The WP map shows my hits have come from 23 countries around the world, with Ireland at #3! Most popular posts were the photo essays with a couple of my Flashbacks enlivening the archives. Even some new followers but I trim this list at the end of the year. SEO experts aren’t who I want following me. 

City of Valleys is moving along nicely with 12 sections, about 25,700 words posted so far with  over 106,000 yet to be edited then posted. Each section gets a fresh edit & there is a slight increase in word count. 

Watched three amazing films that I highly recommended you see if you haven’t already: first is Camera Buff (Polish: Amator, meaning “amateur”) is a 1979 Polish comedy/drama film written and directed by Krzysztof Kieślowski and starring the delectable Jerzy Stuhr. This is an amazing Polish film that brilliantly captures the power of creativity & the cost of it As well. The political, social context of Poland at the time is only one of the layers of this incredible film -none of which you need to know to understand it. Our hero buys a camera & it opens his eyes to the world. It changes how he sees everything around him. The most telling moment is when his wife storms out of he room his frames her exit with his fingers. This is a must see film.

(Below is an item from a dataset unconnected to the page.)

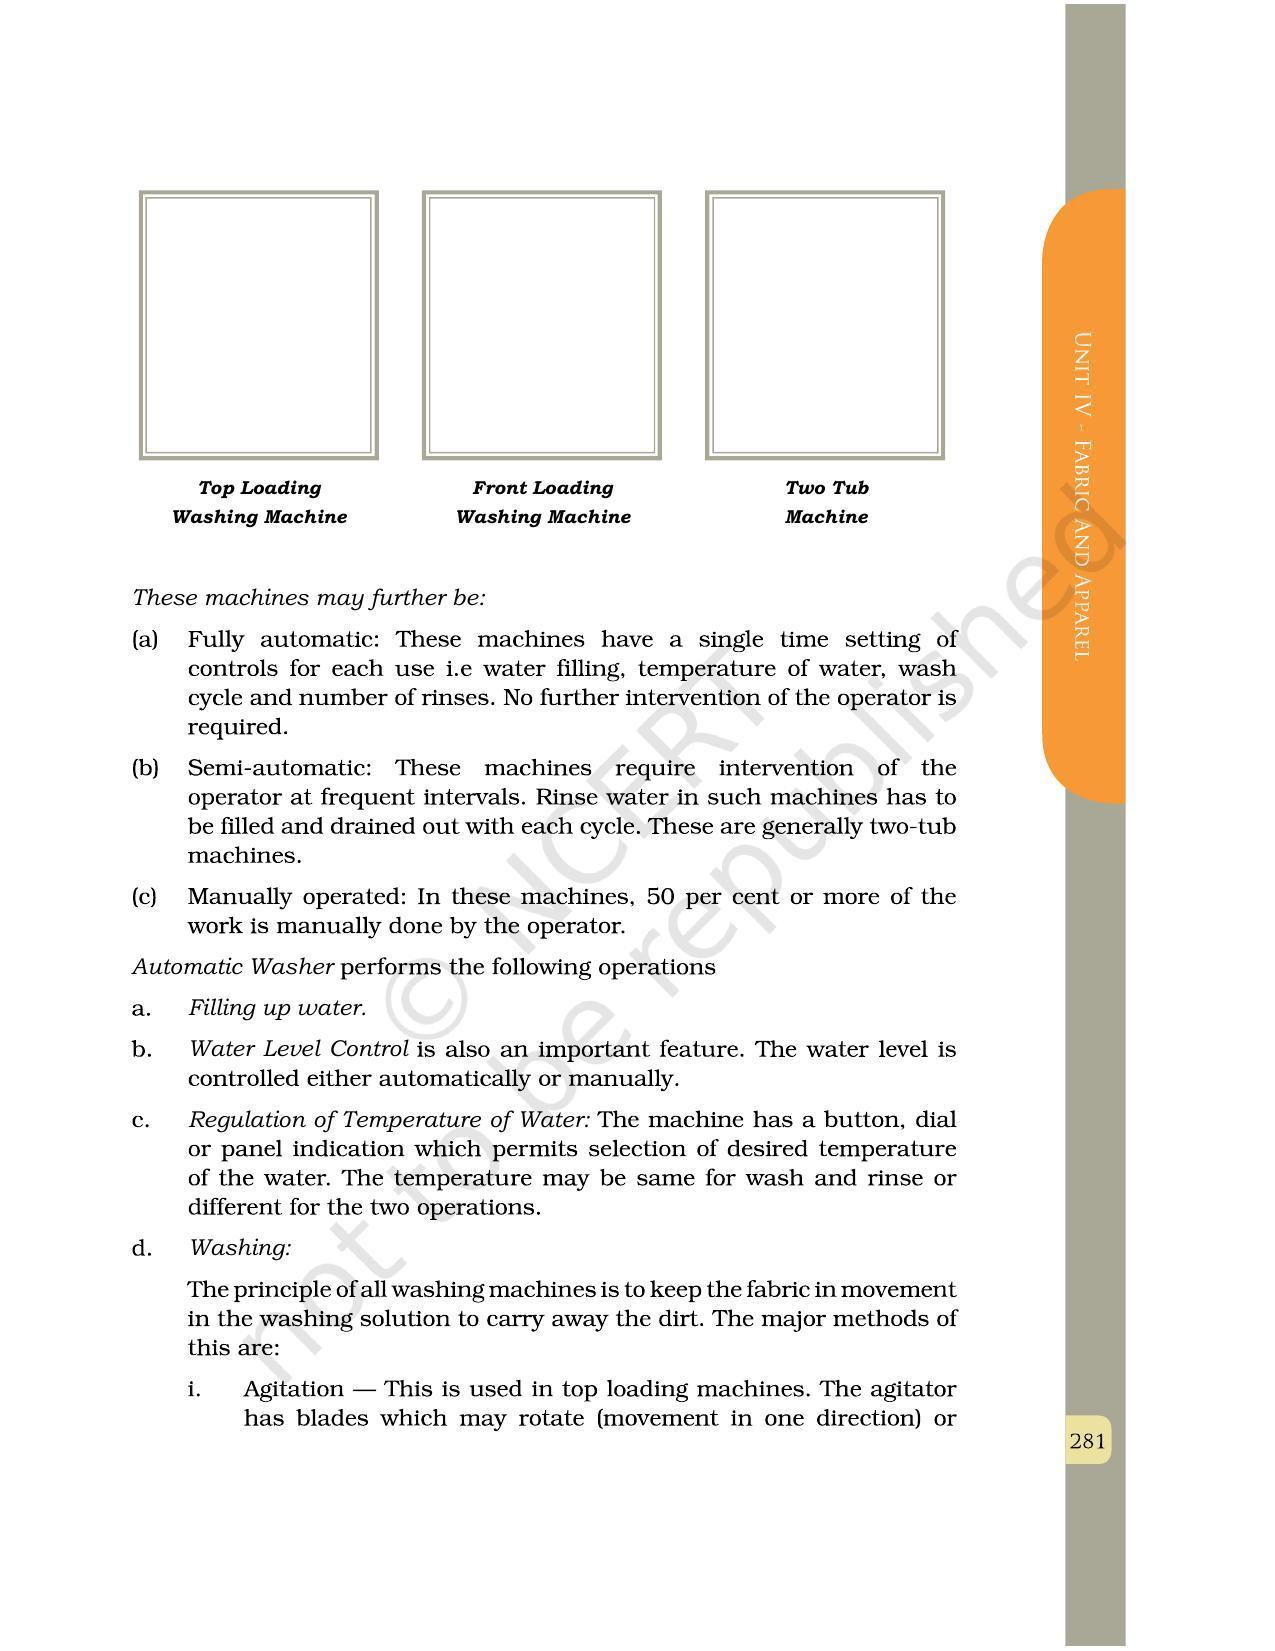 NCERT Book for Class 12 Home Science (Part -II) Chapter 15 Care and Maintenance of Fabrics in Institutions - Page 3
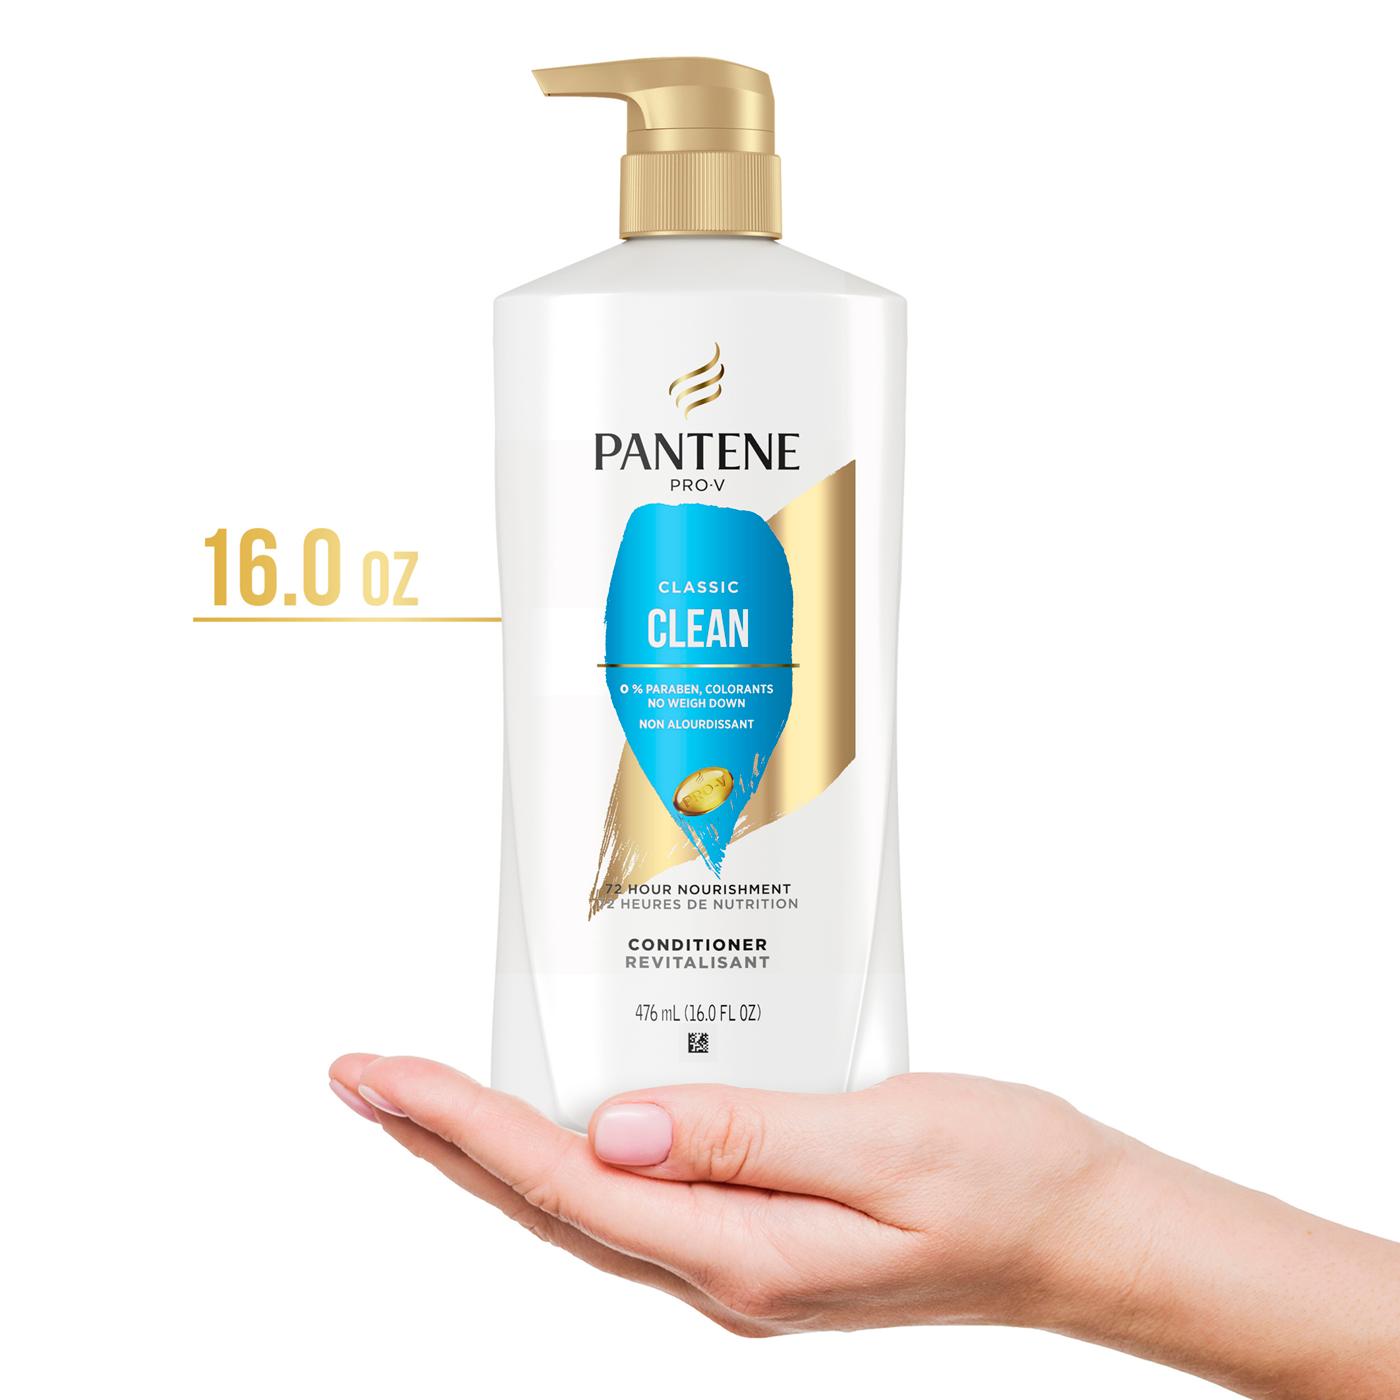 Pantene PRO-V Classic Clean Conditioner; image 5 of 10

one of the ‘twigs’ is actually our hydro cable holding up the branch

Another brilliant film was French: Cleo from 5 to 7 a 1962 French New Wave film written and directed by Agnès Varda starring Corinne Marchand. A perfect time capsule of Paris life that feels almost documentary like with the street scenes & settings. Fashions are sublime. Music is sublime. Lead actress is pitch perfect in her search for – well she’s not sure – great performance of sans toi. Highly recommended delight. 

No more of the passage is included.